● Exercise details
The output should be the listing below, limited to the lines from the one with "Young woman with" through the one with "Lithium-ion battery for", exact and without pictures.

● Supplied material
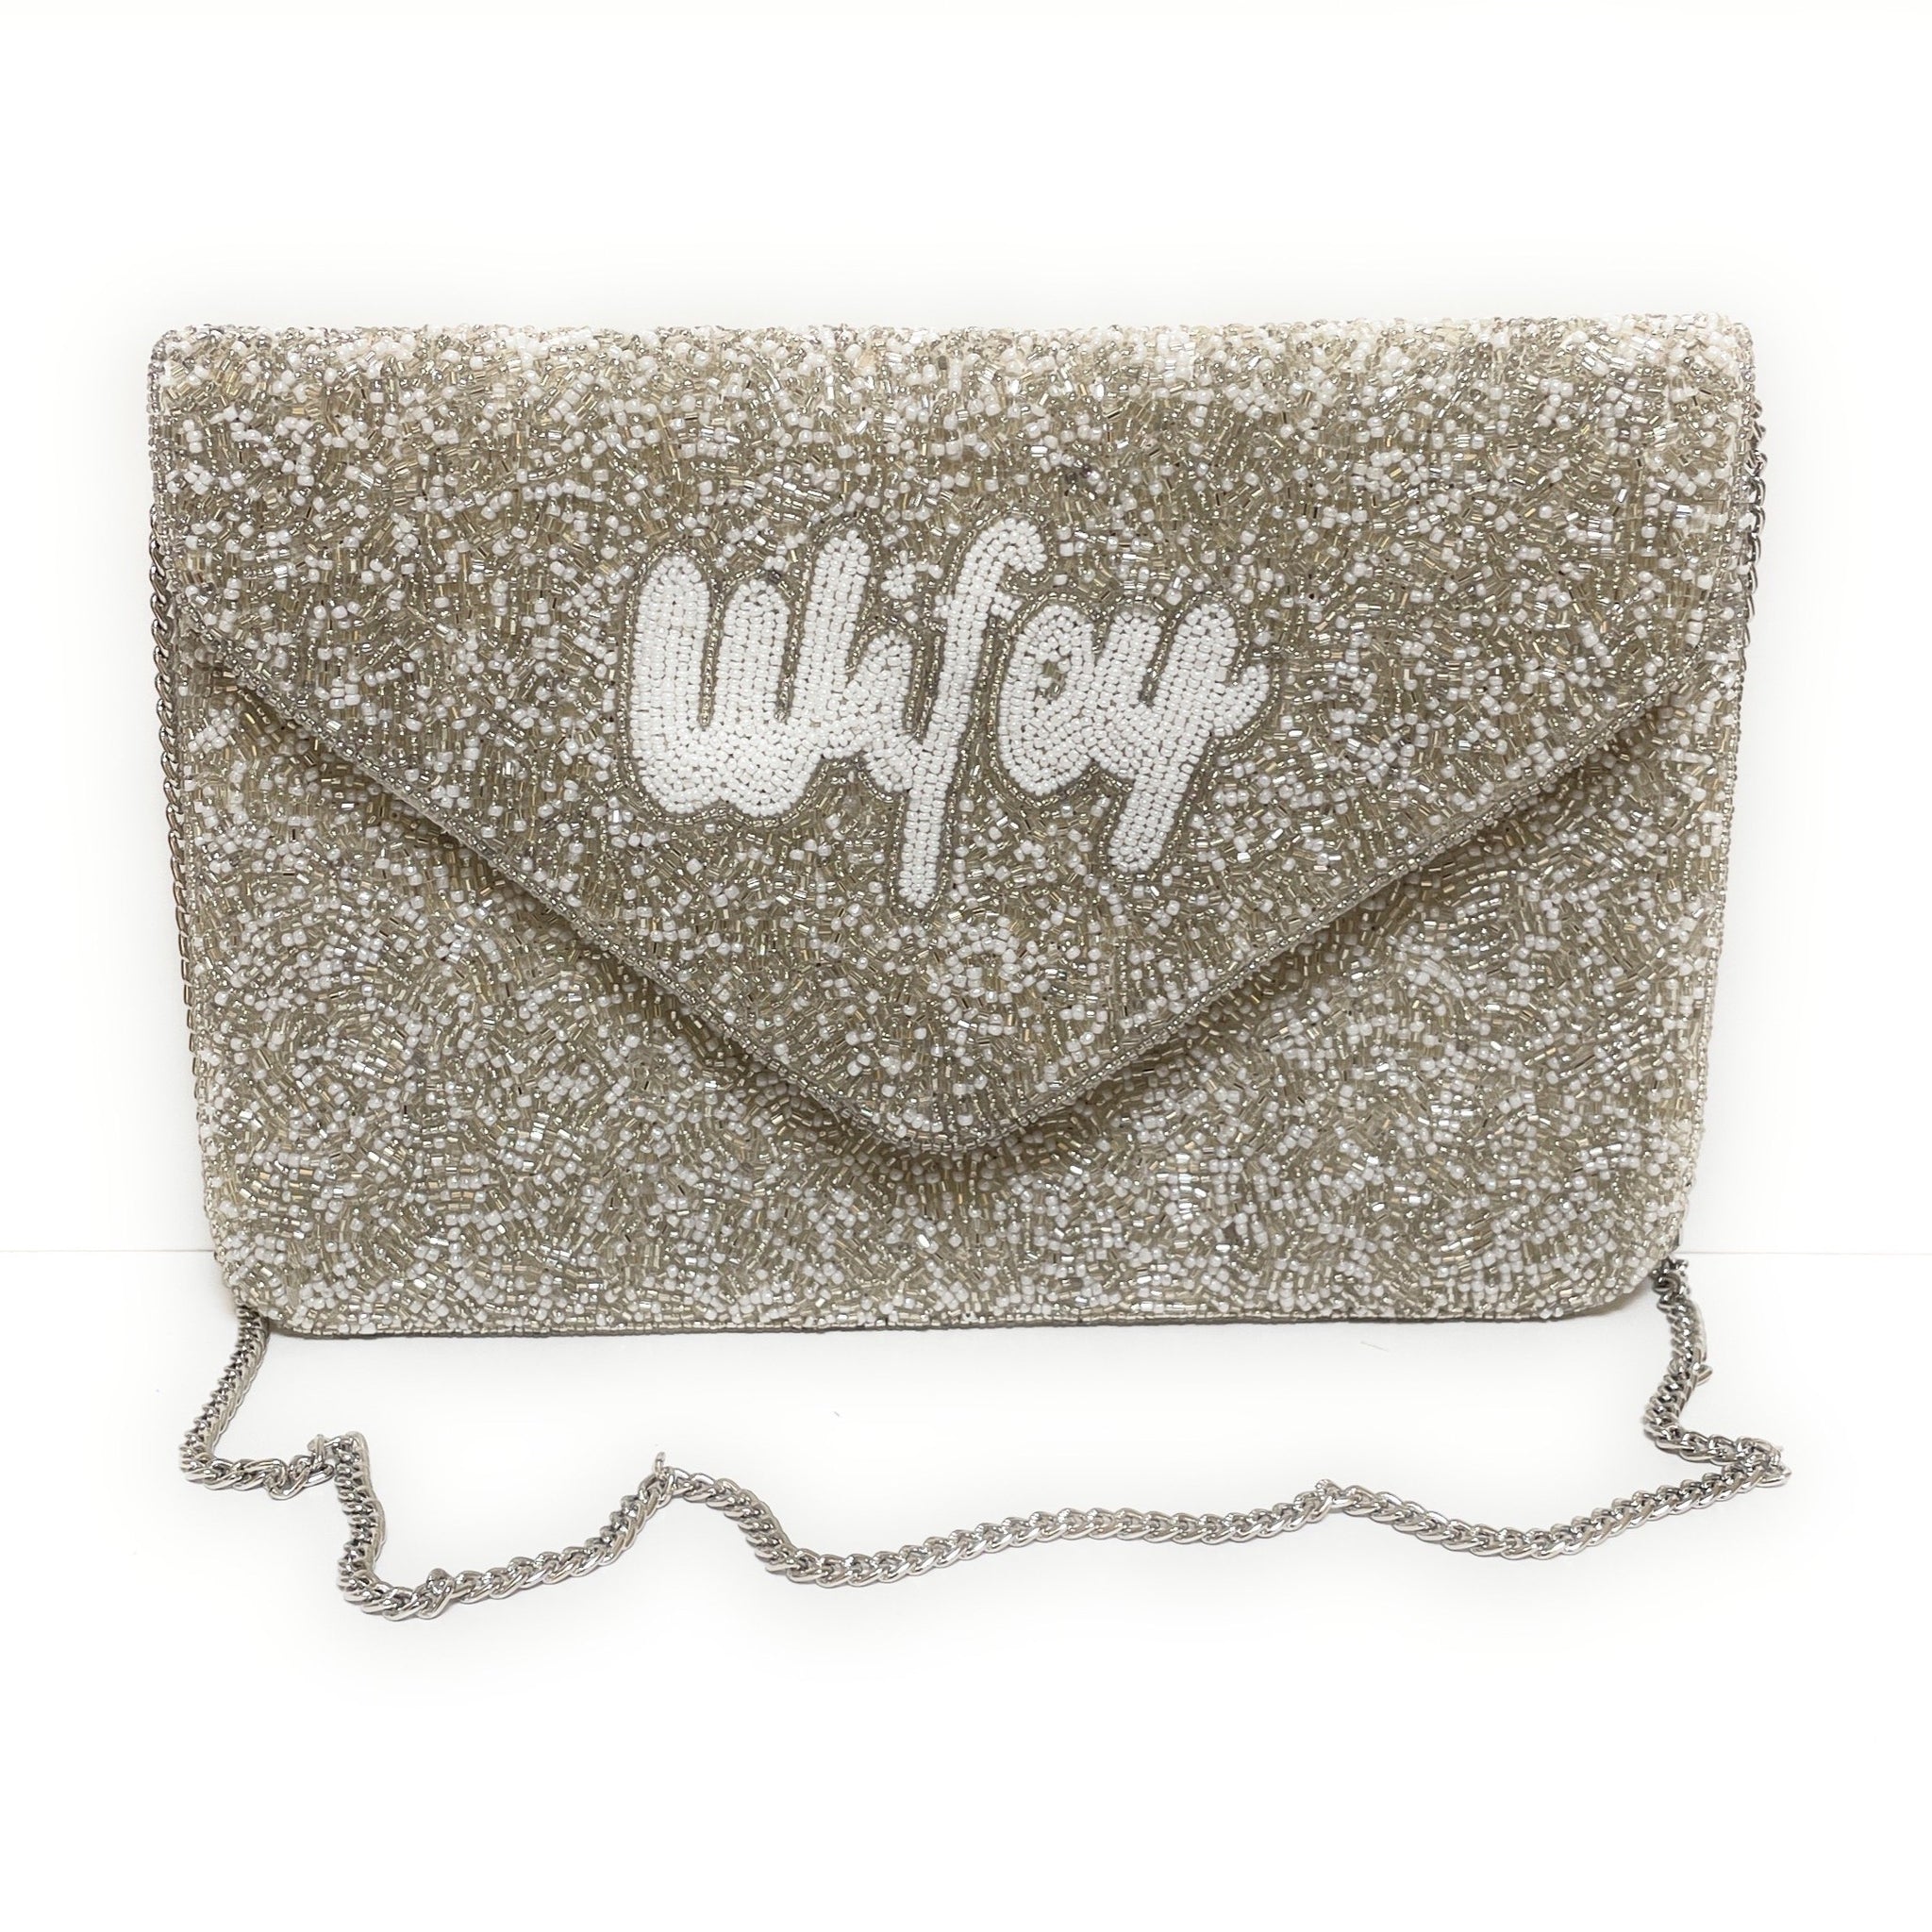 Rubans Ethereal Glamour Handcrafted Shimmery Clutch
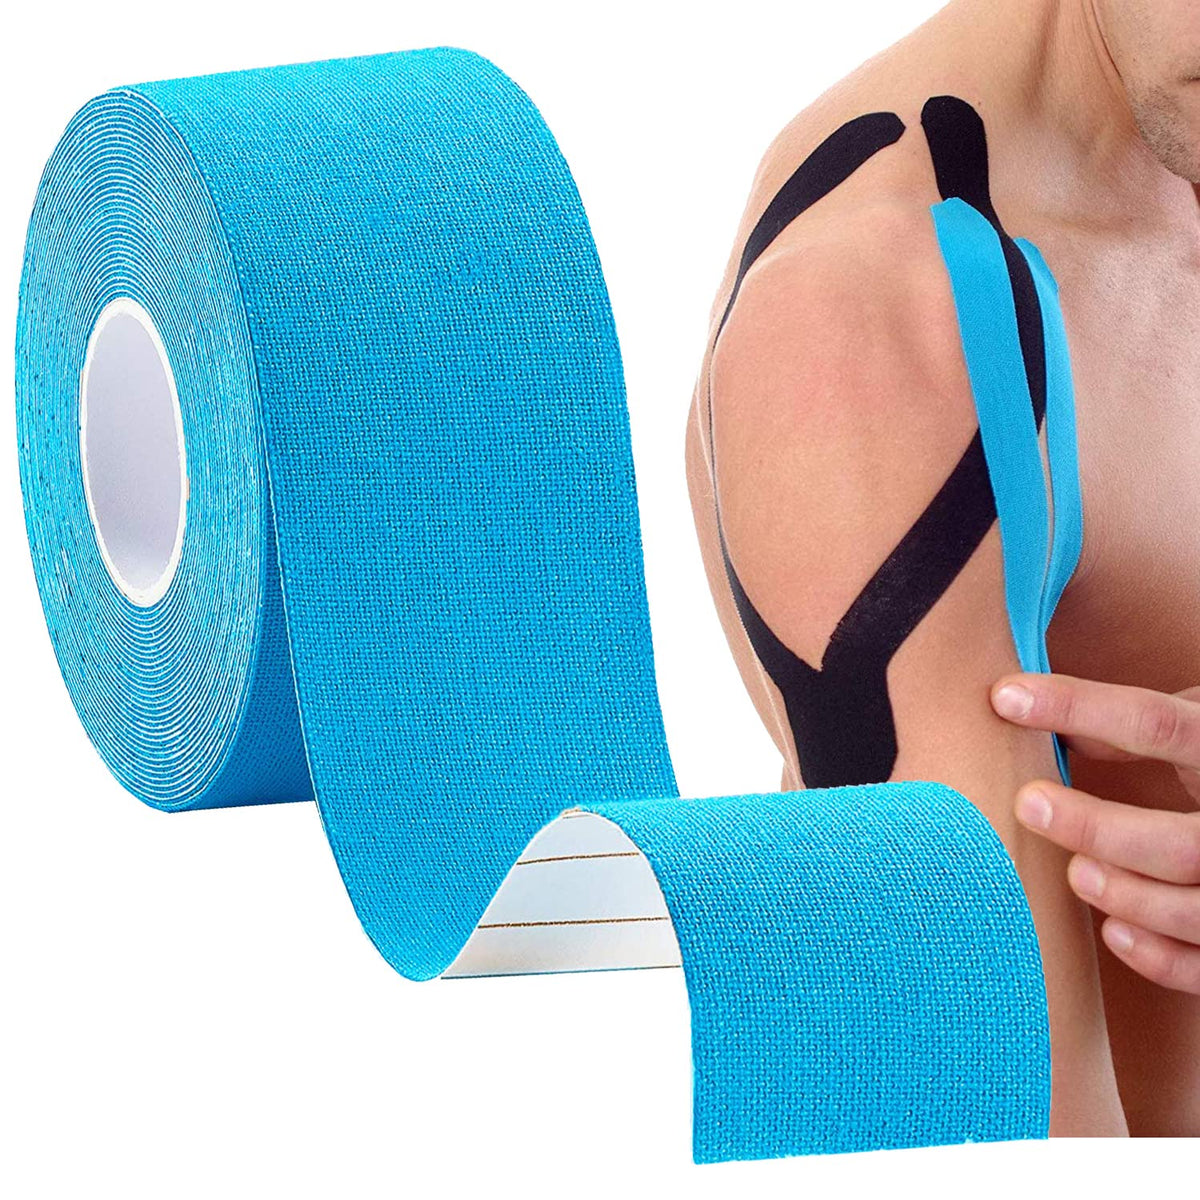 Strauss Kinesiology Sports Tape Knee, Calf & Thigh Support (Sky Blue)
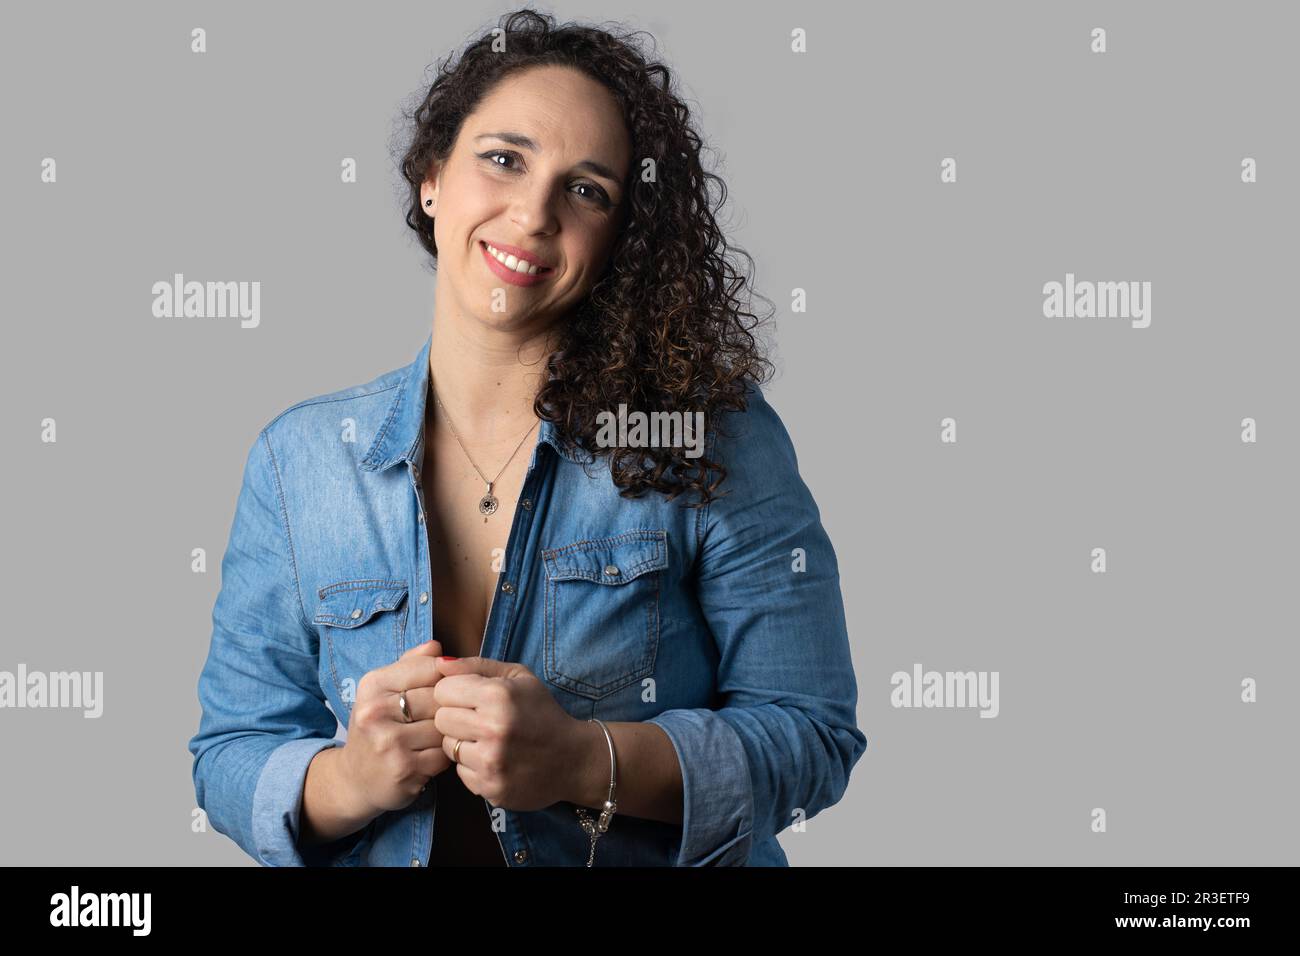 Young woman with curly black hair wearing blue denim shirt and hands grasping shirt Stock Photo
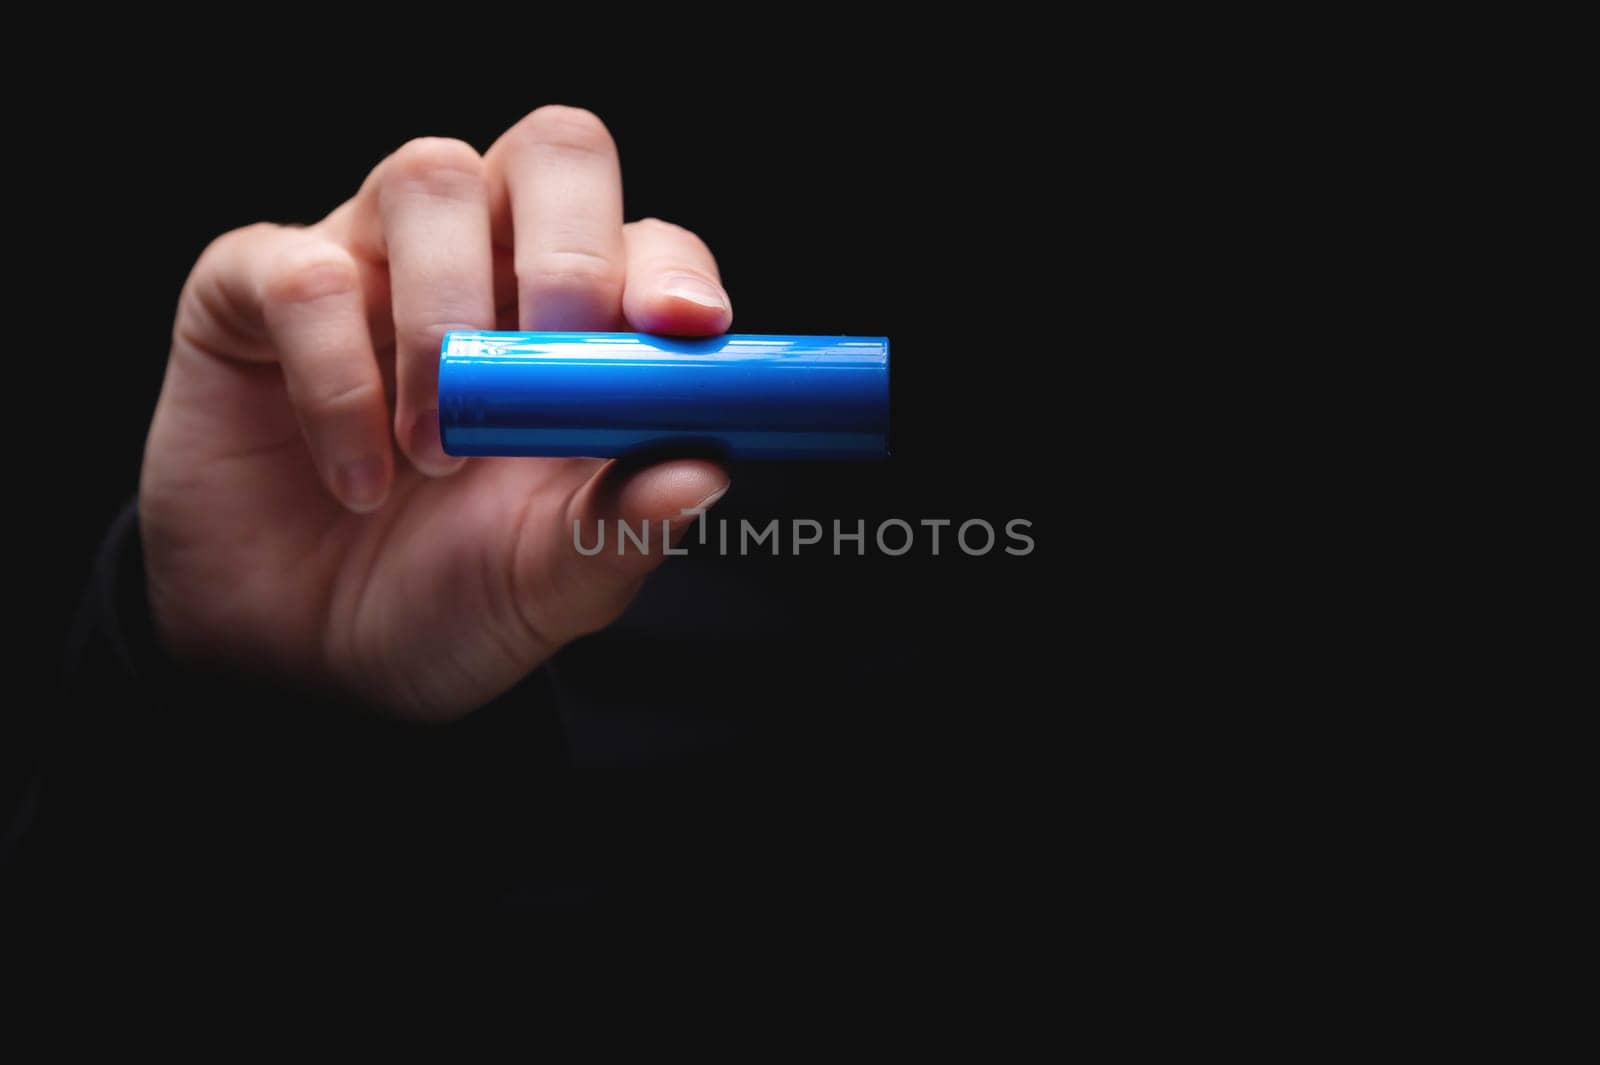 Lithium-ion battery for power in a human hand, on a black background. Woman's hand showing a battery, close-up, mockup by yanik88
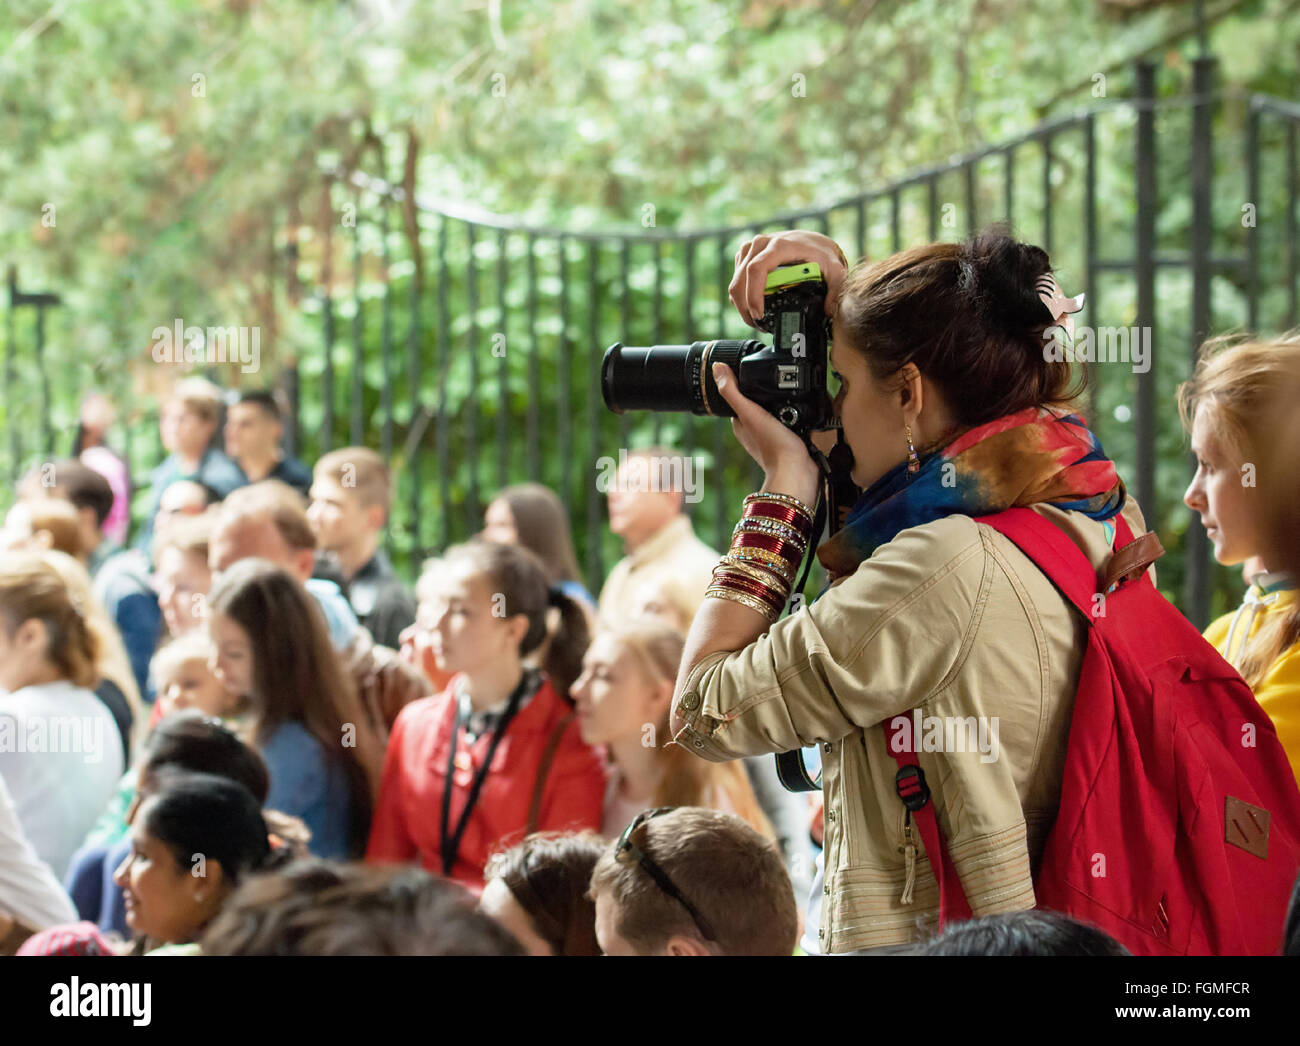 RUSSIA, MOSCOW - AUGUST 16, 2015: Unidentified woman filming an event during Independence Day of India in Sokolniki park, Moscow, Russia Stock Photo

● Expected answer
 Young woman with curly black hair wearing blue denim shirt and hands grasping shirt Stock Photo
 Lithium-ion battery for power in a human hand, on a black background. Woman's hand showing a battery, close-up, mockup by yanik88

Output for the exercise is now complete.